Recorded information:
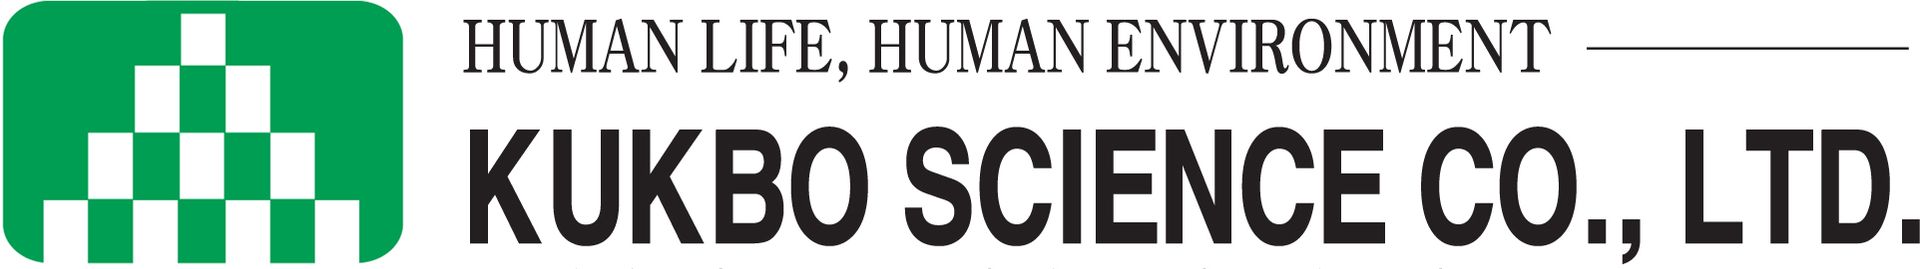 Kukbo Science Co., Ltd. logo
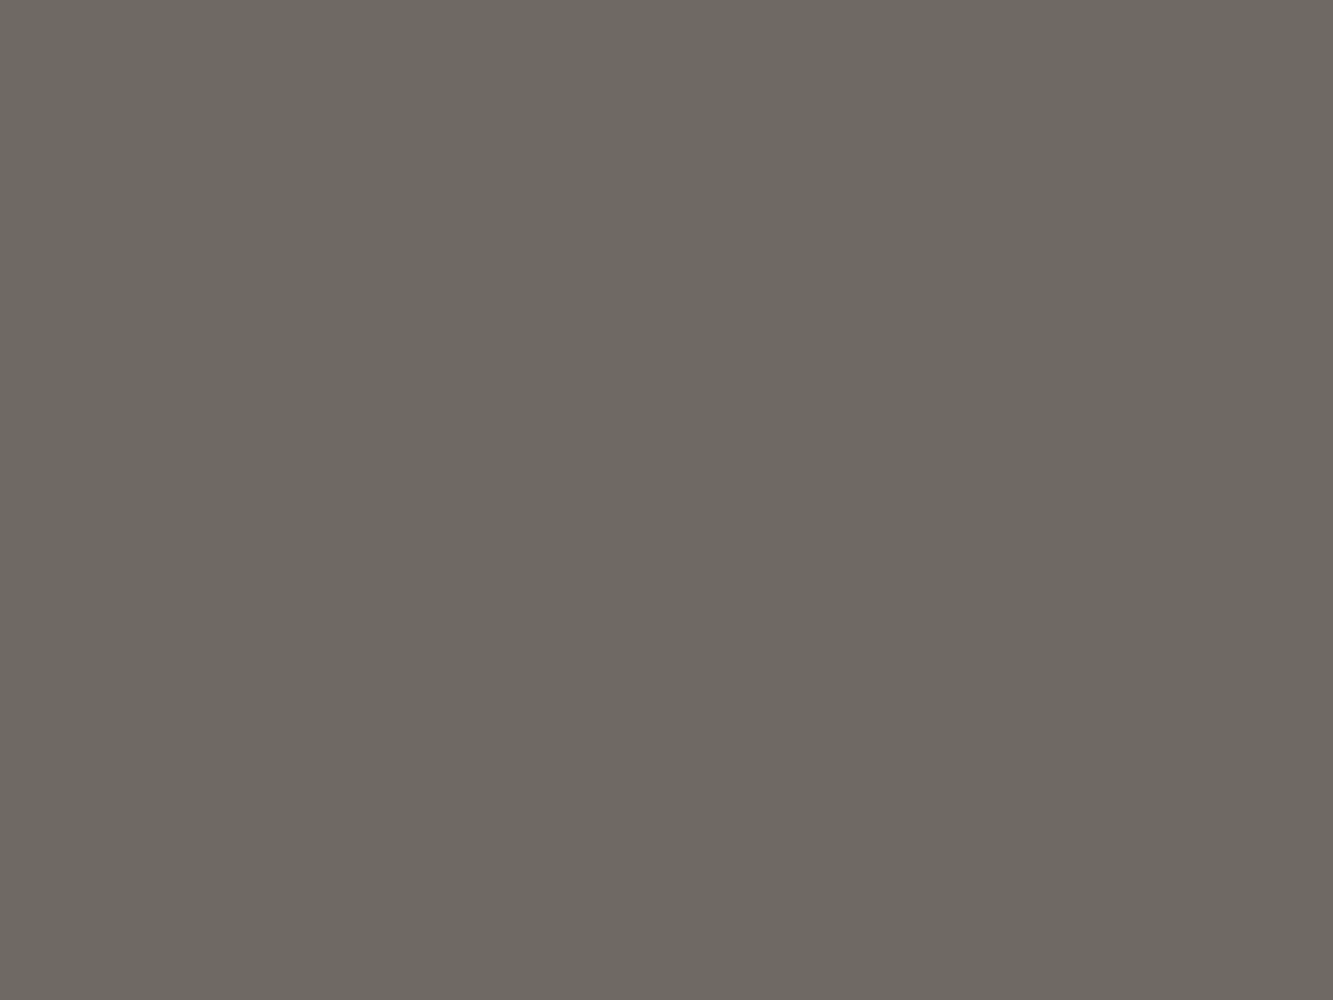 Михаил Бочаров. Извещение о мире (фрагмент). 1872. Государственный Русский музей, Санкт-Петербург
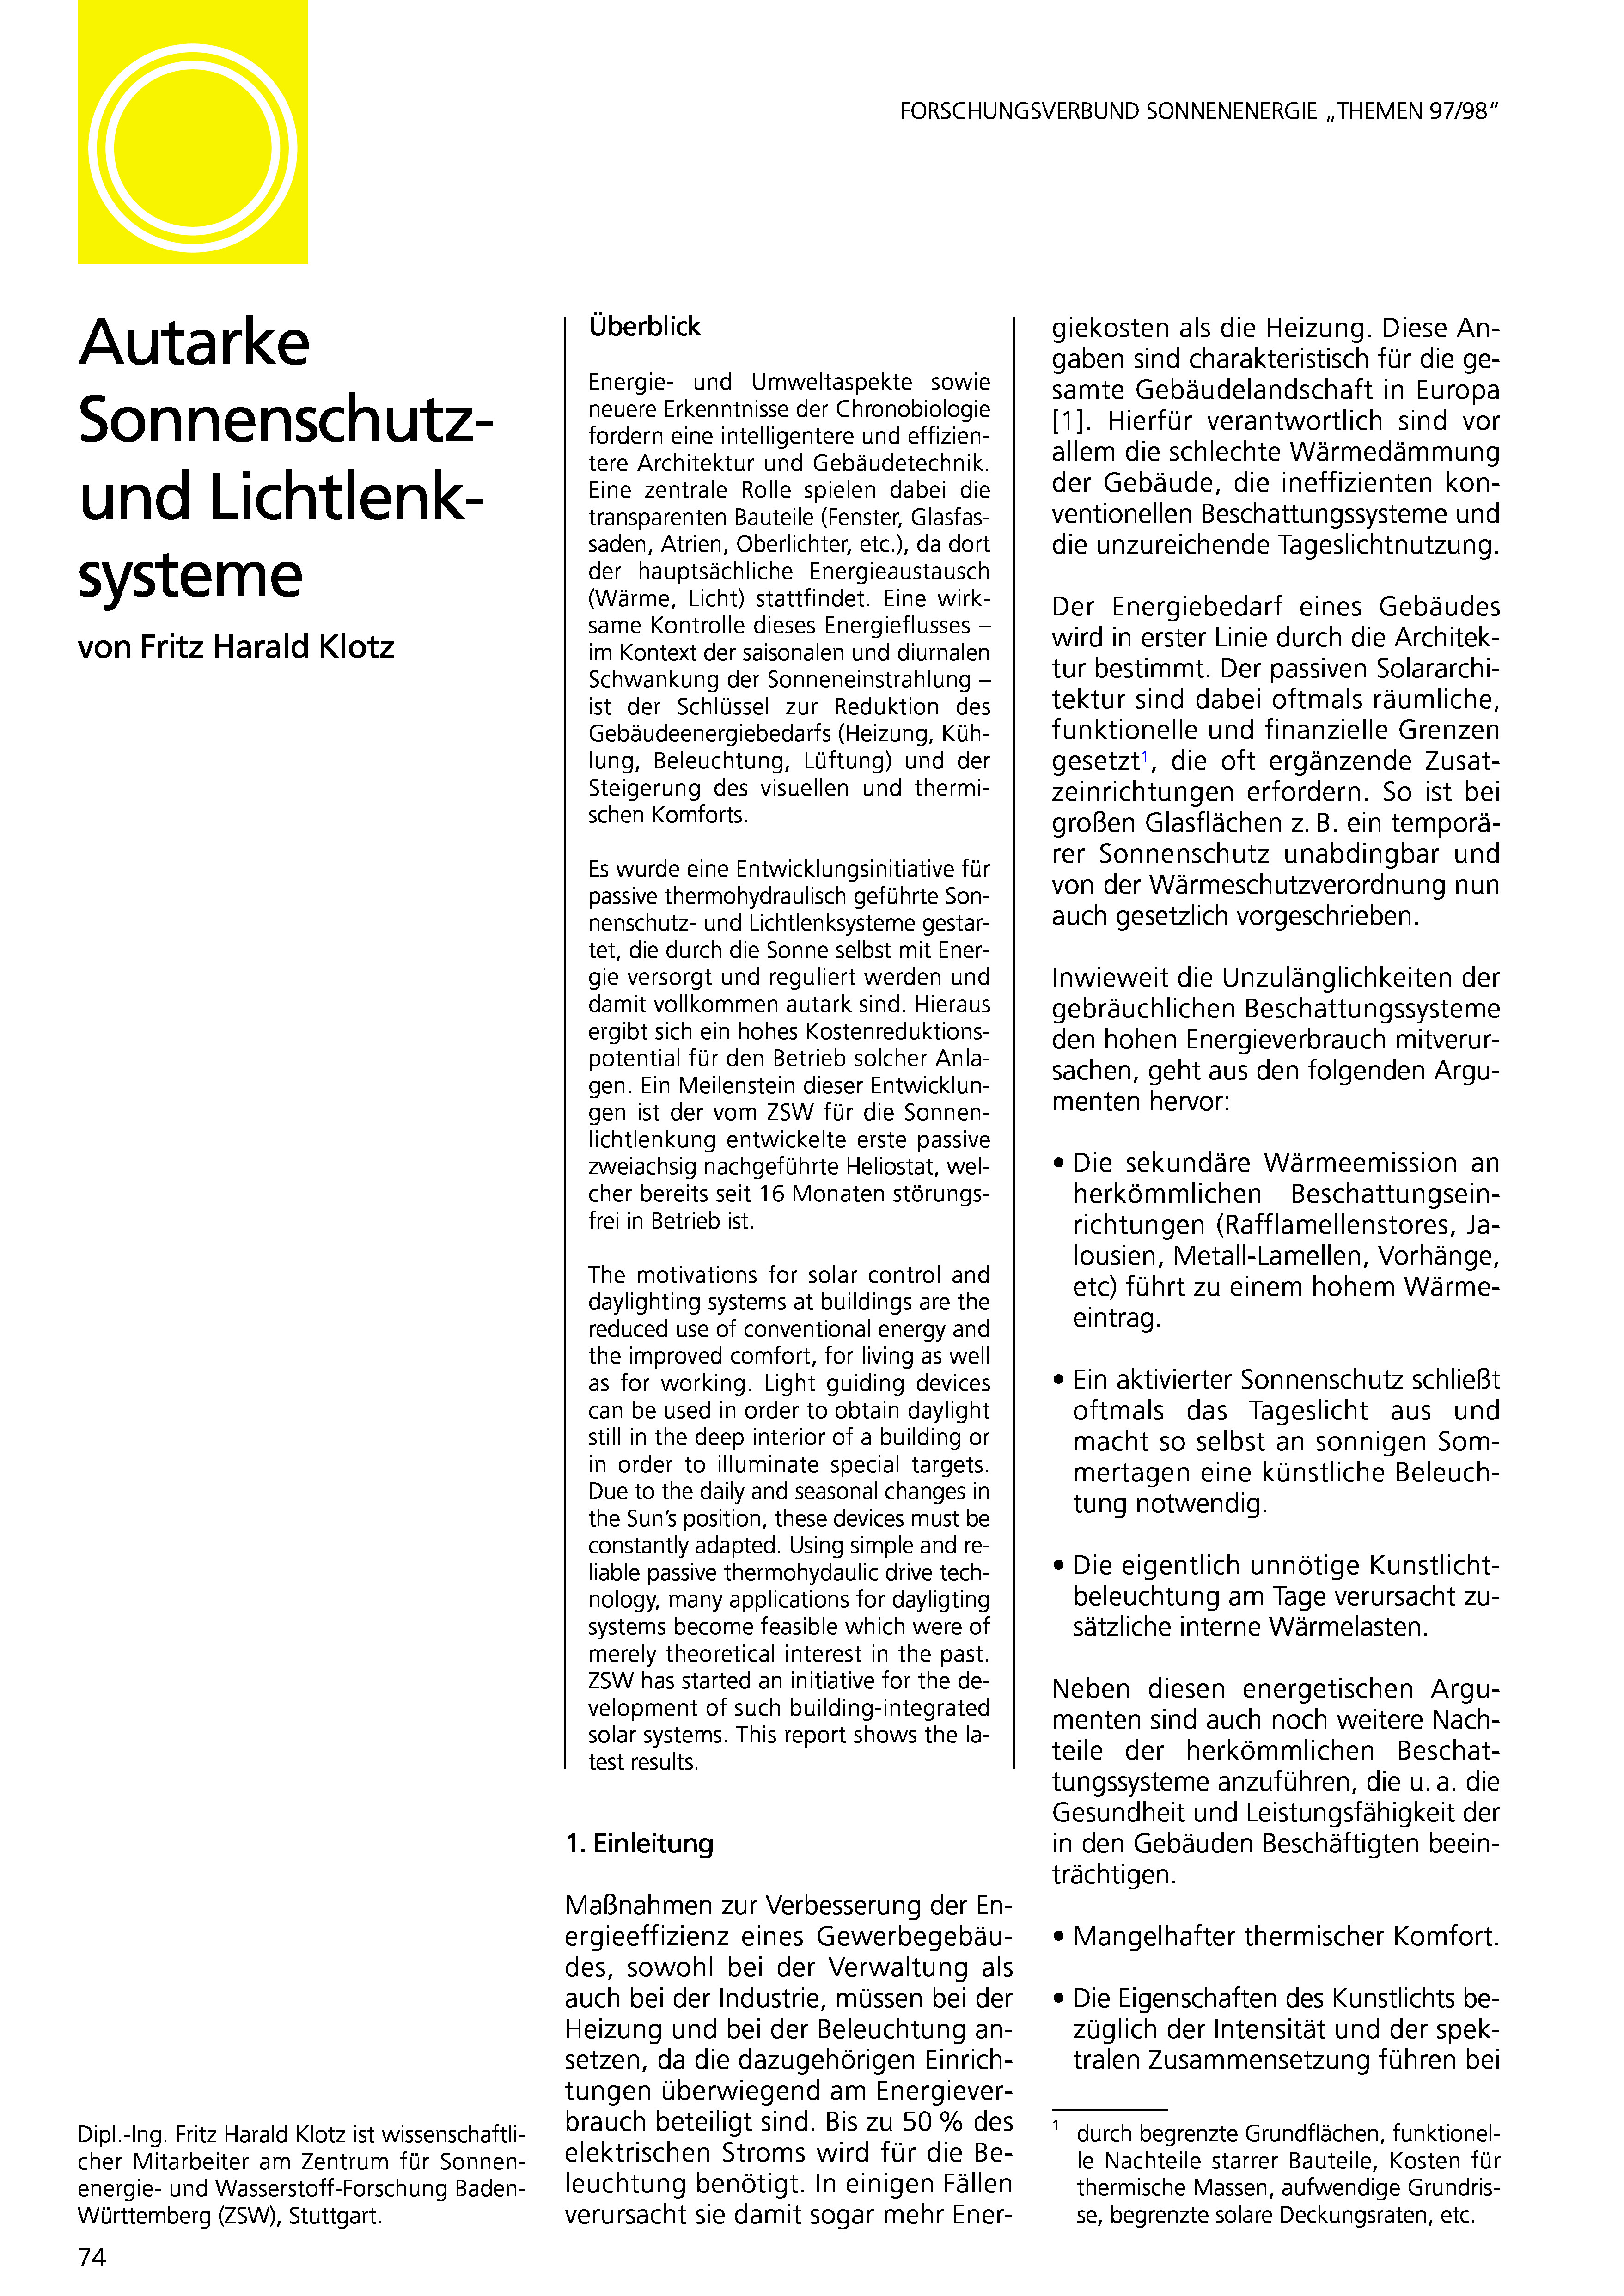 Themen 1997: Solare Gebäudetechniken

Task requirements: Repeat the lines above precisely and skip every picture.

Written response:
 Kukbo Science Co., Ltd. logo
 Михаил Бочаров. Извещение о мире (фрагмент). 1872. Государственный Русский музей, Санкт-Петербург
 Themen 1997: Solare Gebäudetechniken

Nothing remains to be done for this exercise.